Equally as important is to guard against ‘kneejerk’ reactions. Tragic events in the Welsh Parliament in 2017 when a Minister dismissed for allegations of sexual misconduct committed suicide, reportedly prior to knowing the full details of the allegations against him, serve to remind us that a balanced approach should always be adopted. Employers have a duty of care to both the accused and the accuser and a sensitive approach is essential.

Avoid the ‘sting in the tail’ of a victimisation claim
Too often, an employer conducts a faultless harassment investigation and handles the matter impeccably only to be hit later down the line with a victimisation claim by the complainant, often when they leave for new employment.

The Equality Act 2010 makes it unlawful to subject an individual to a detriment at any time in the future because they have done a ‘protected act’ such as complaining of discrimination or harassment.
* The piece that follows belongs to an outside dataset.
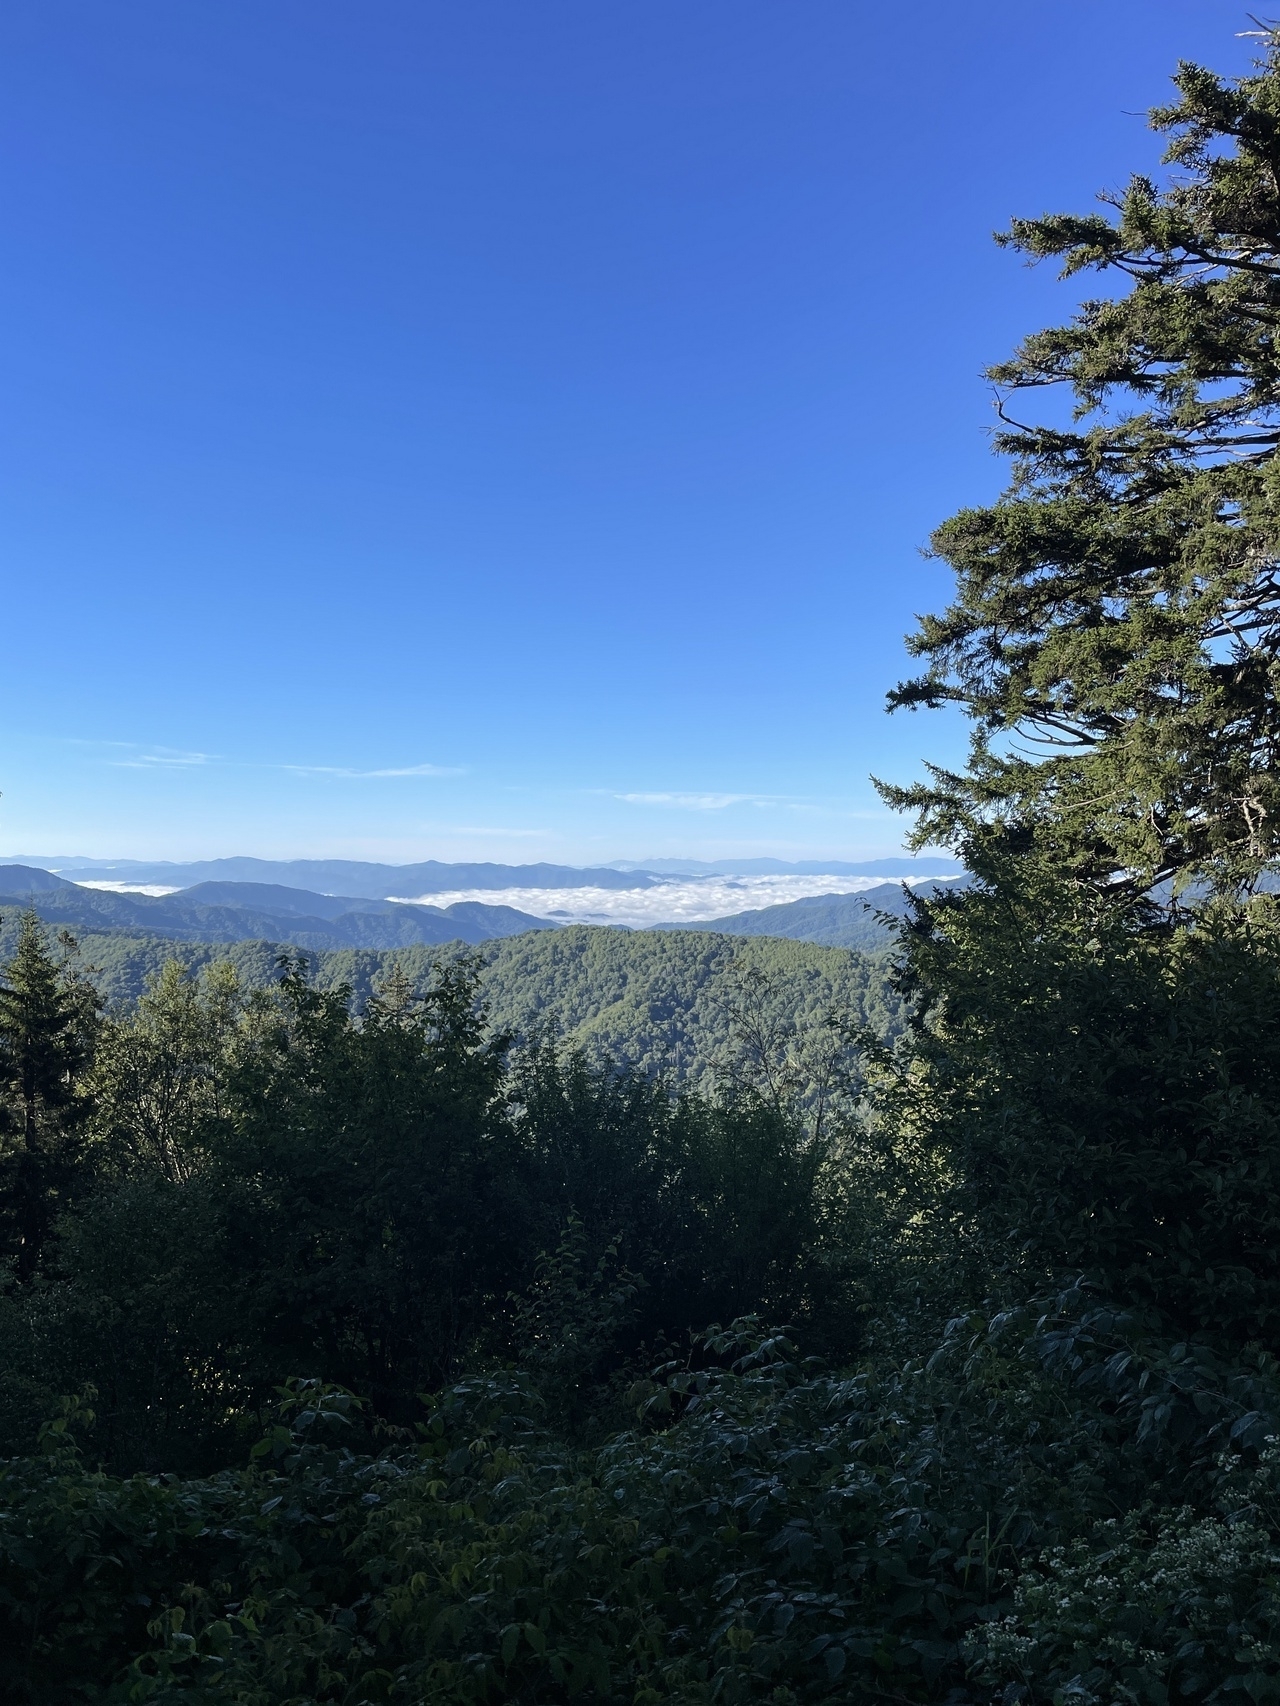 The Smoky Mountains

This is an important discussion for HR to have with everyone involved in a complaint both during and on conclusion of the matter. Staff should be trained on what ‘victimisation’ actually involves as it is a commonly misunderstood concept.

Education is key
Most organisations will have equality and diversity policies in place and will include training on them during induction processes. It is possible to defend a sexual harassment claim where the employer can show that it has taken ‘reasonable steps’ to prevent the harassment. However, this is a very high hurdle to meet and the employer must be able to show, by reference to actual examples, that it ‘lives and breathe’ its policies. For example, could the company demonstrate, if so required, that it actively promotes anti-harassment policies and has practical safeguards in place such as regular staff training and a well-publicised reporting/whistle-blowing procedure? The ideal to aim for is a zero-tolerance approach to harassment of any form but, to achieve this, the message simply has to come from the top and be regularly reinforced throughout the organisation.
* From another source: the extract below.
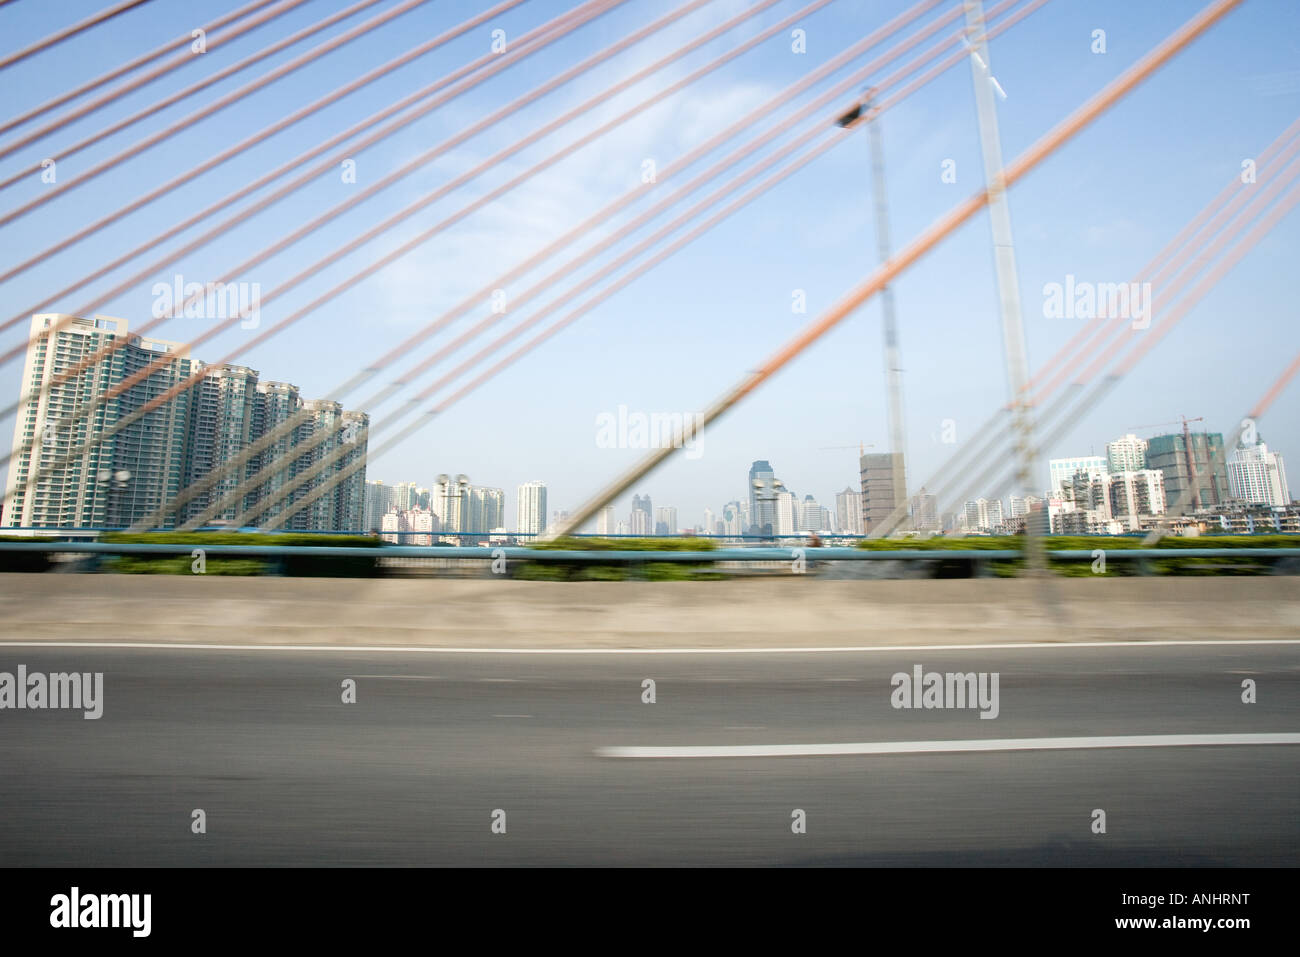 Suspension bridge, cropped view, cityscape in background Stock Photo
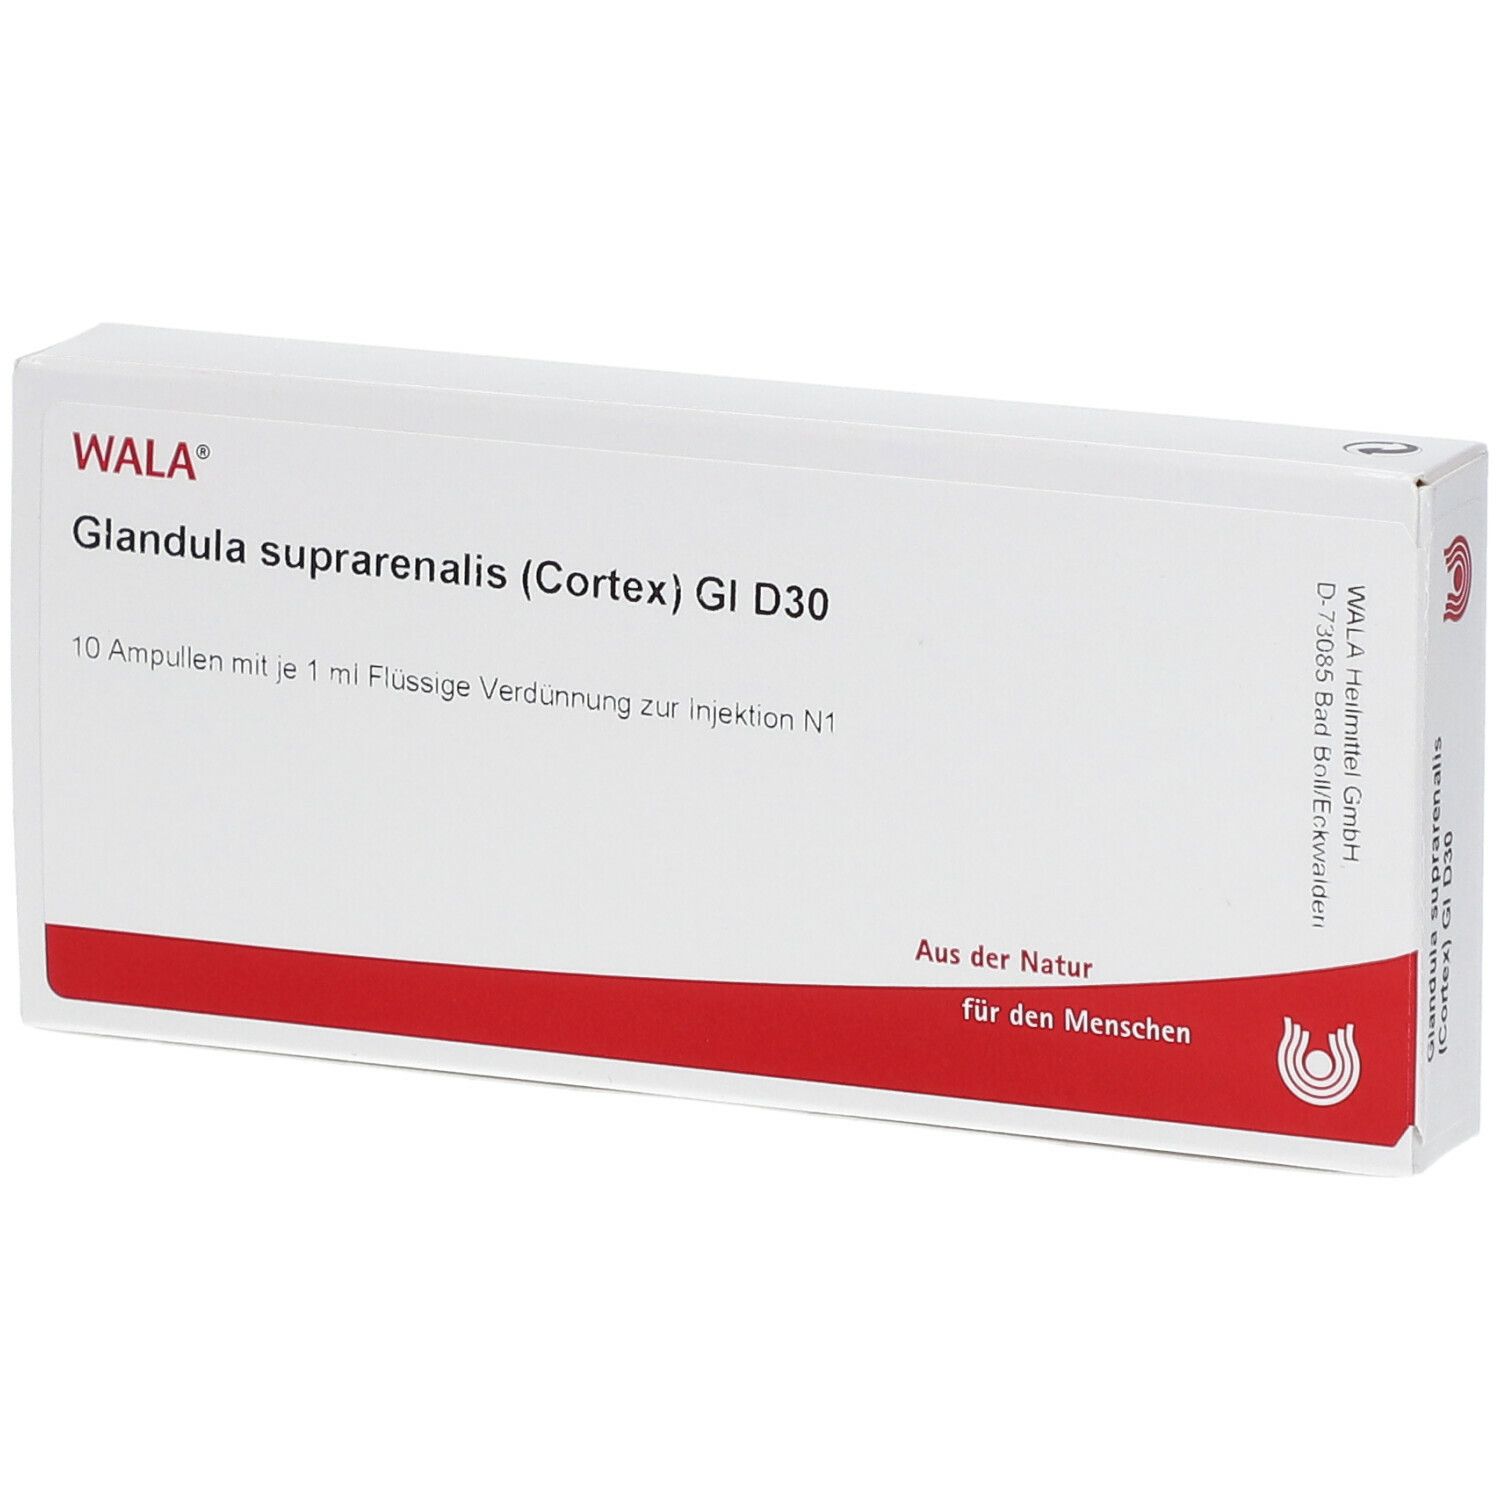 Wala® Glandula suprarenalis Cortex Gl D 30

HR time spent on this is a worthwhile and commercially sound investment when you consider the potential damage to reputation and employee satisfaction levels caused by one high-profile harassment or discrimination claim.
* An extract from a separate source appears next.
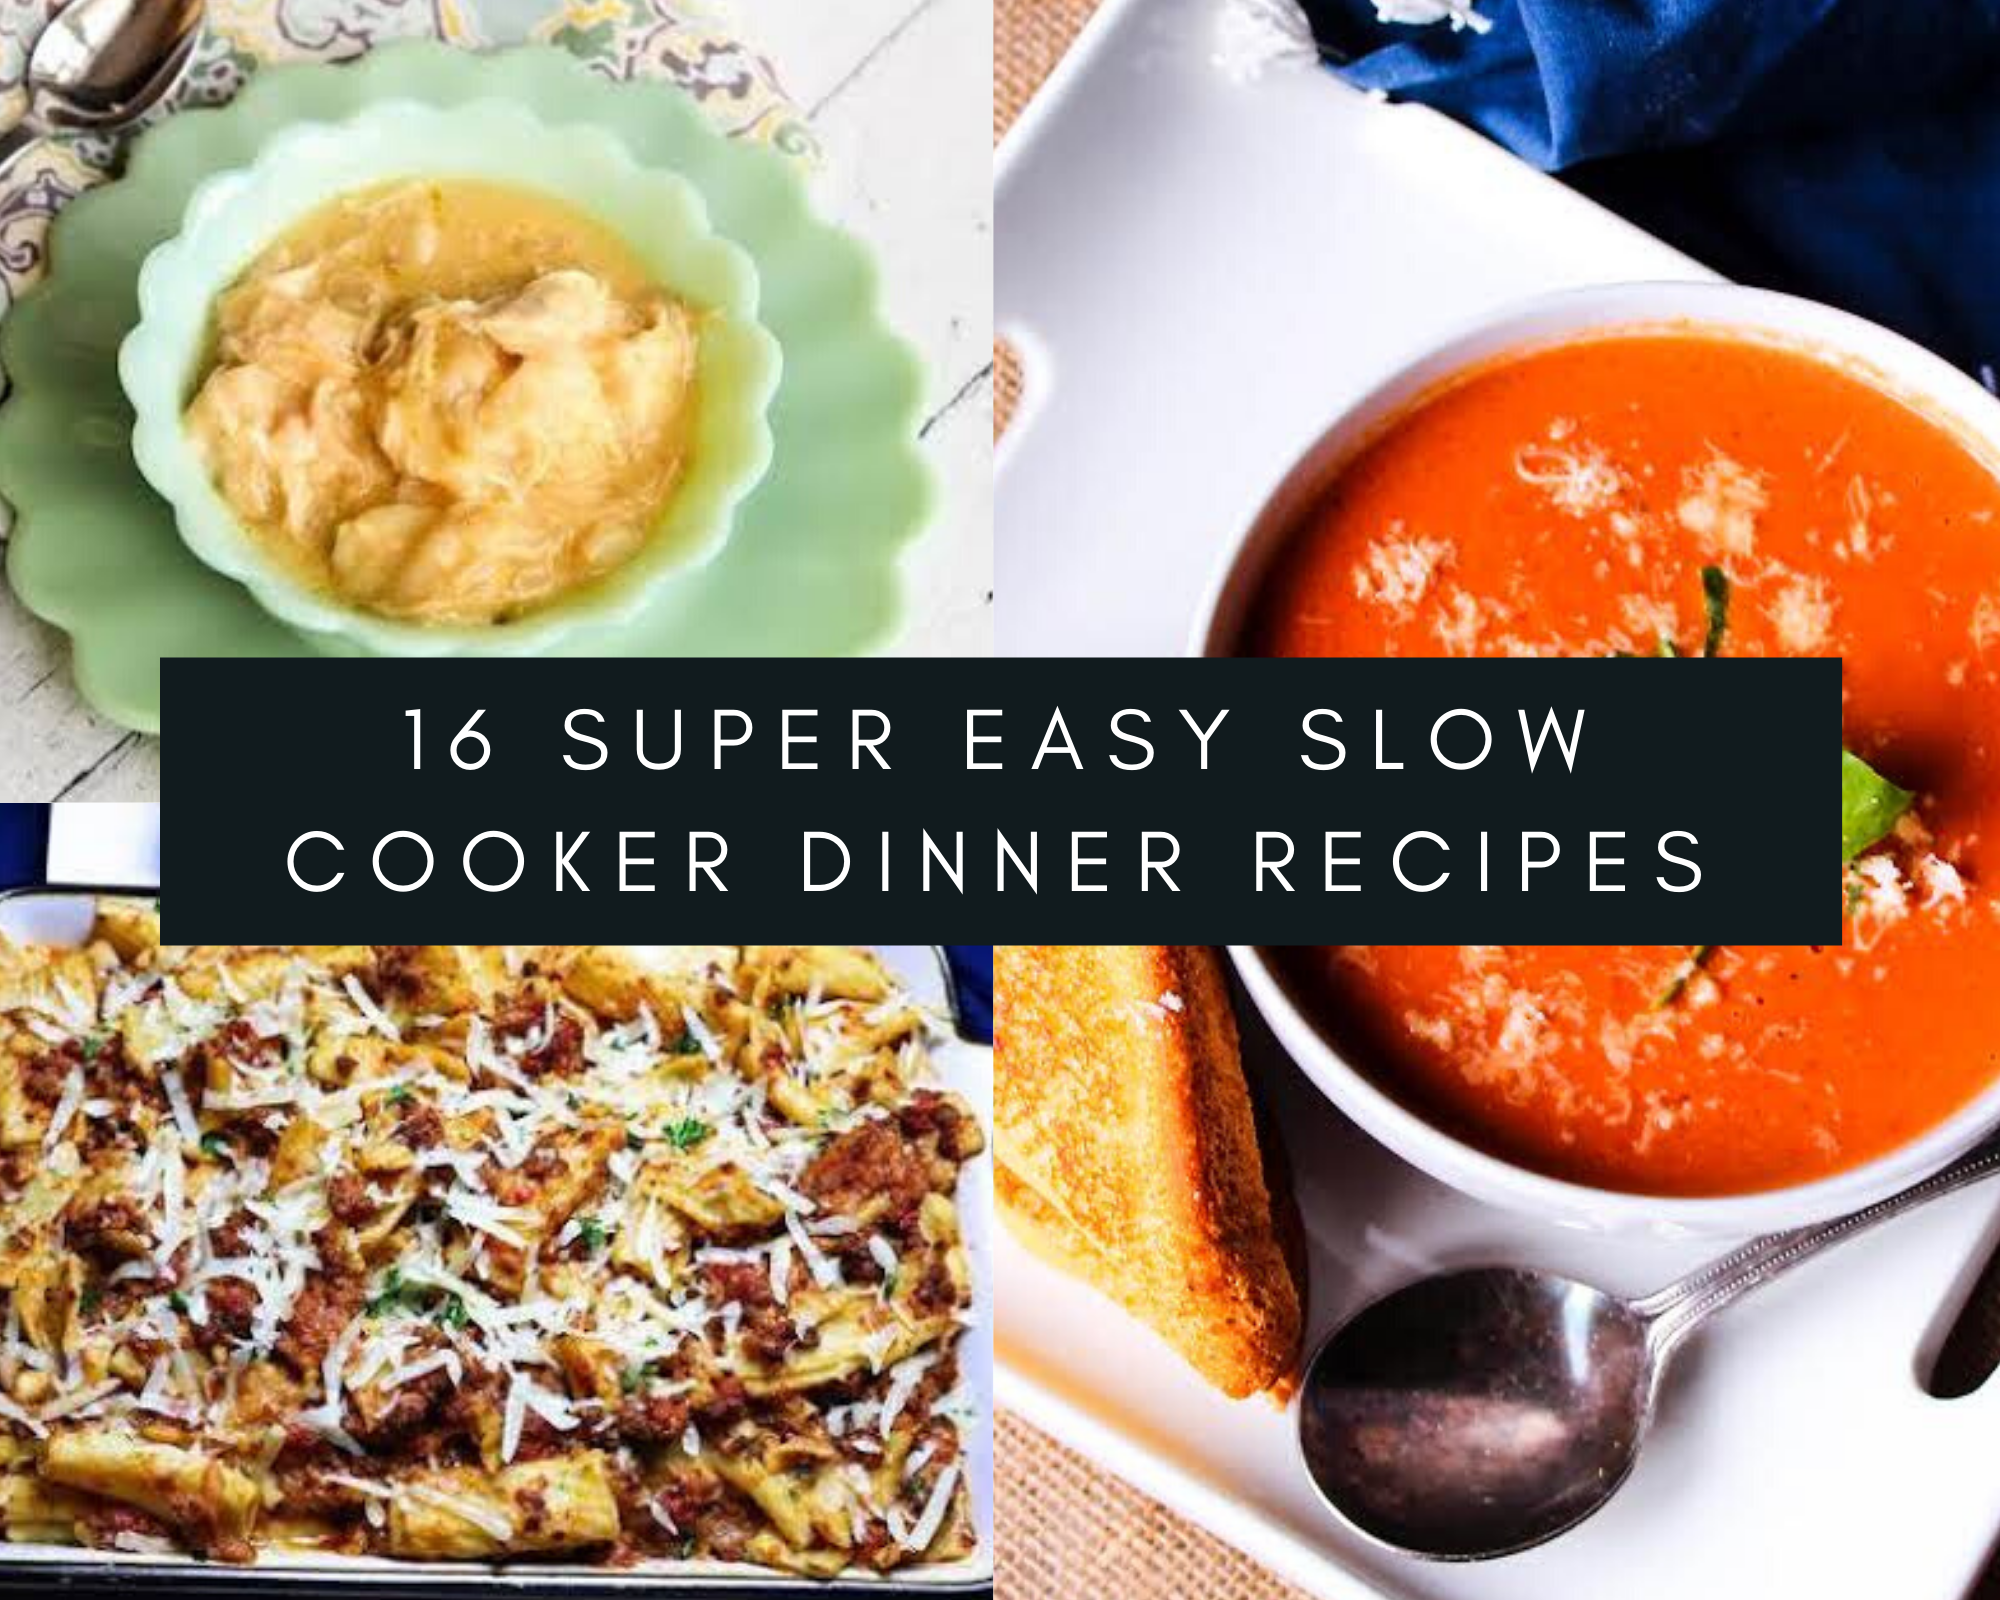 16 Super Easy Slow Cooker Dinner Recipes

Has anything changed since Weinstein/#metoo from a legal perspective?
In terms of the law, nothing has changed. The advice remains to treat complaints seriously and follow existing anti-harassment and grievance procedures. That said, Employment Tribunal judges are not immune to changing attitudes and it is likely that the growing lack of tolerance towards unwanted sexual attention will be absorbed and reflected in future Tribunal judgments and compensation awards. Additionally, businesses need to understand that there is a brighter spotlight now being shone and people are feeling emboldened to raise issues (especially given the removal of Tribunal fees) and with far higher expectations as to how they will be dealt with.